Over the last five years, PennyMac Financial Services has averaged an ROE of 15.9%, exceptional for a company operating in a sector where the average shakes out around 7.5% and those putting up 15%+ are greatly admired. This shows PennyMac Financial Services has a strong competitive moat.

9. Key Takeaways from PennyMac Financial Services’s Q3 Results
We were impressed by how significantly PennyMac Financial Services blew past analysts’ revenue expectations this quarter. We were also glad its EPS outperformed Wall Street’s estimates. Zooming out, we think this was a good print with some key areas of upside. The stock remained flat at $120.96 immediately after reporting.
10. Is Now The Time To Buy PennyMac Financial Services?
Updated: December 3, 2025 at 11:54 PM EST
Before deciding whether to buy PennyMac Financial Services or pass, we urge investors to consider business quality, valuation, and the latest quarterly results.

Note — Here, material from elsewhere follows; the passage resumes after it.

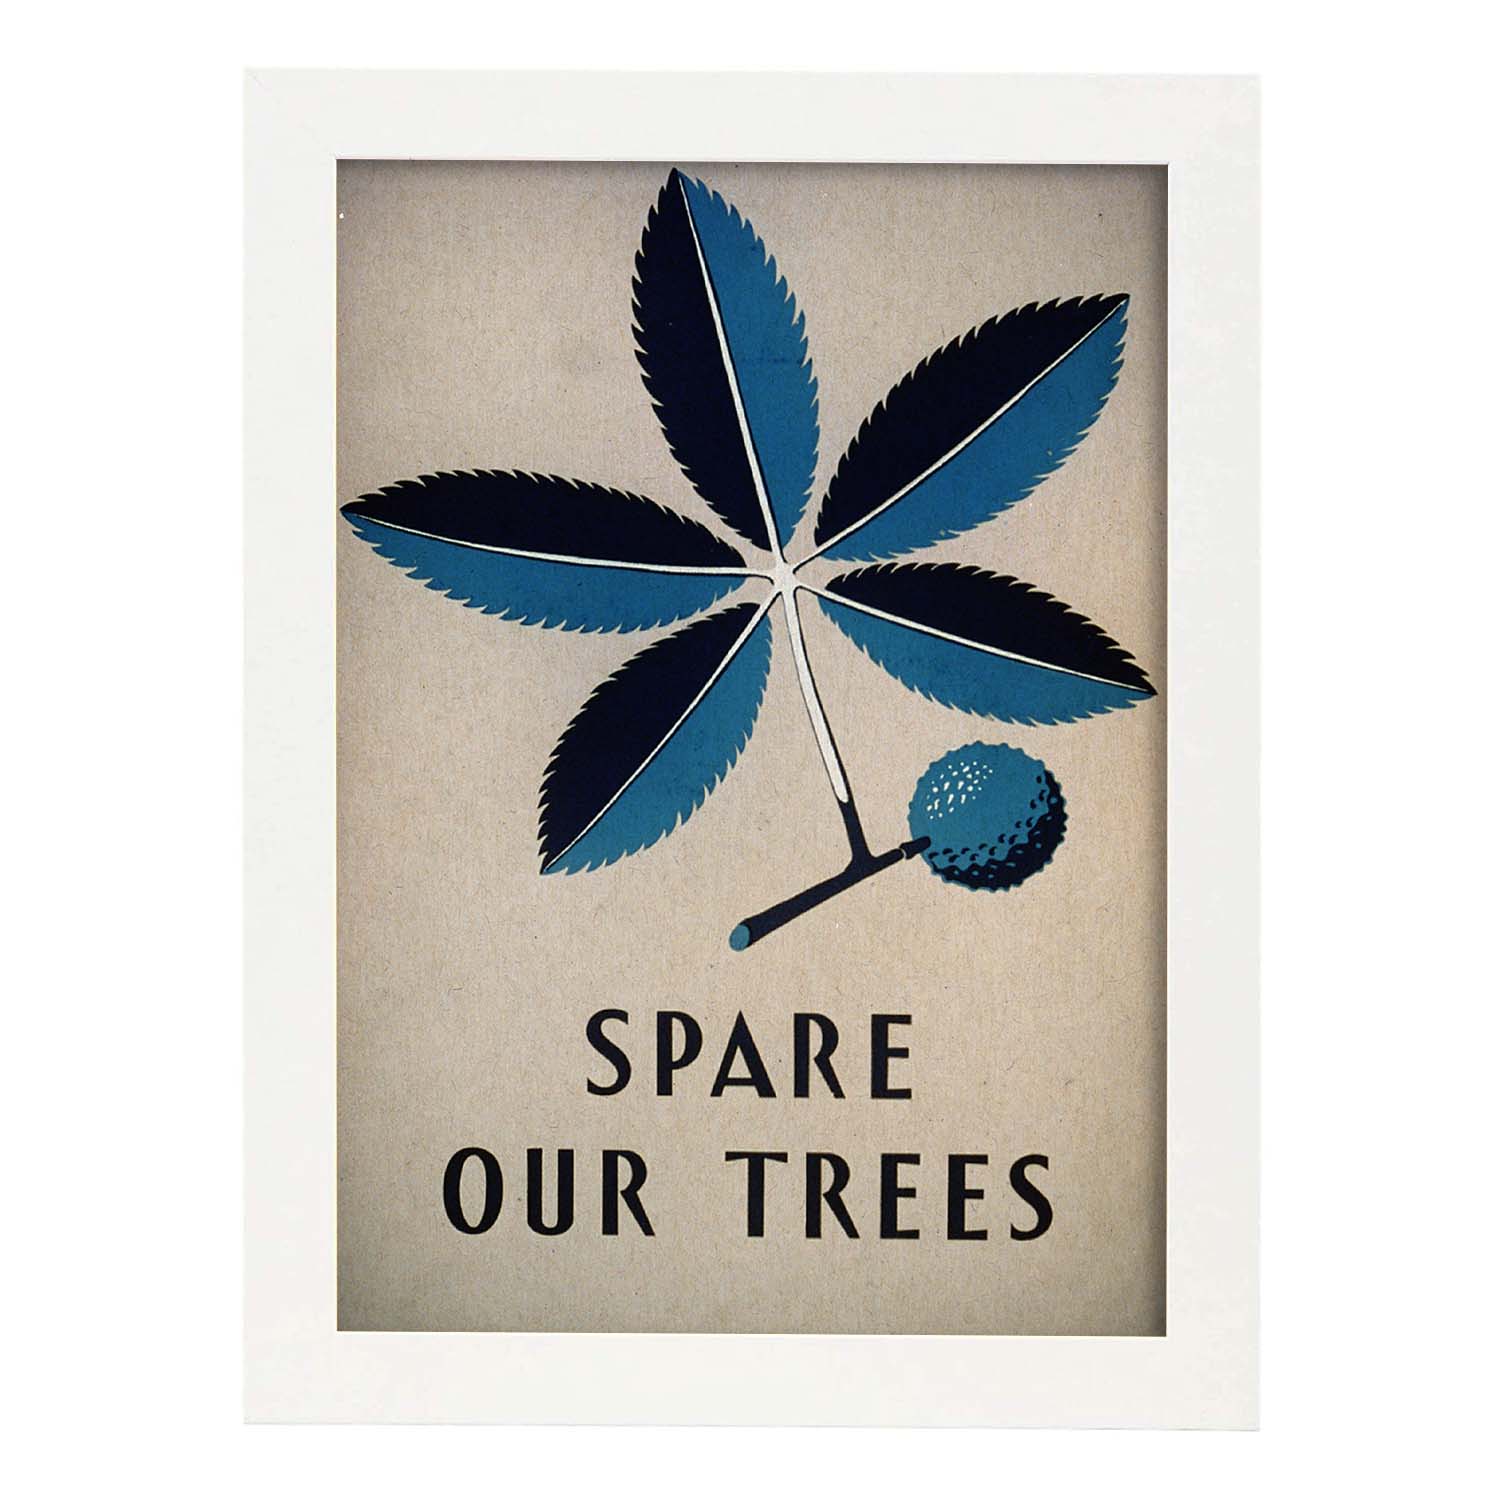 Poster vintage. Cartel vintage Spare our trees Ohio de 1938.-Artwork-Nacnic-A3-Marco Blanco-Nacnic Estudio SL

There are some bright spots in PennyMac Financial Services’s fundamentals, but its business quality ultimately falls short. Although its revenue has declined over the last five years, its growth over the next 12 months is expected to be higher. And while PennyMac Financial Services’s declining EPS over the last five years makes it a less attractive asset to the public markets, its estimated net interest income growth for the next 12 months is great.
PennyMac Financial Services’s P/B ratio based on the next 12 months is 1.6x. This valuation is reasonable, but the company’s shakier fundamentals present too much downside risk. We're fairly confident there are better investments elsewhere.
Wall Street analysts have a consensus one-year price target of $138.57 on the company (compared to the current share price of $133.88).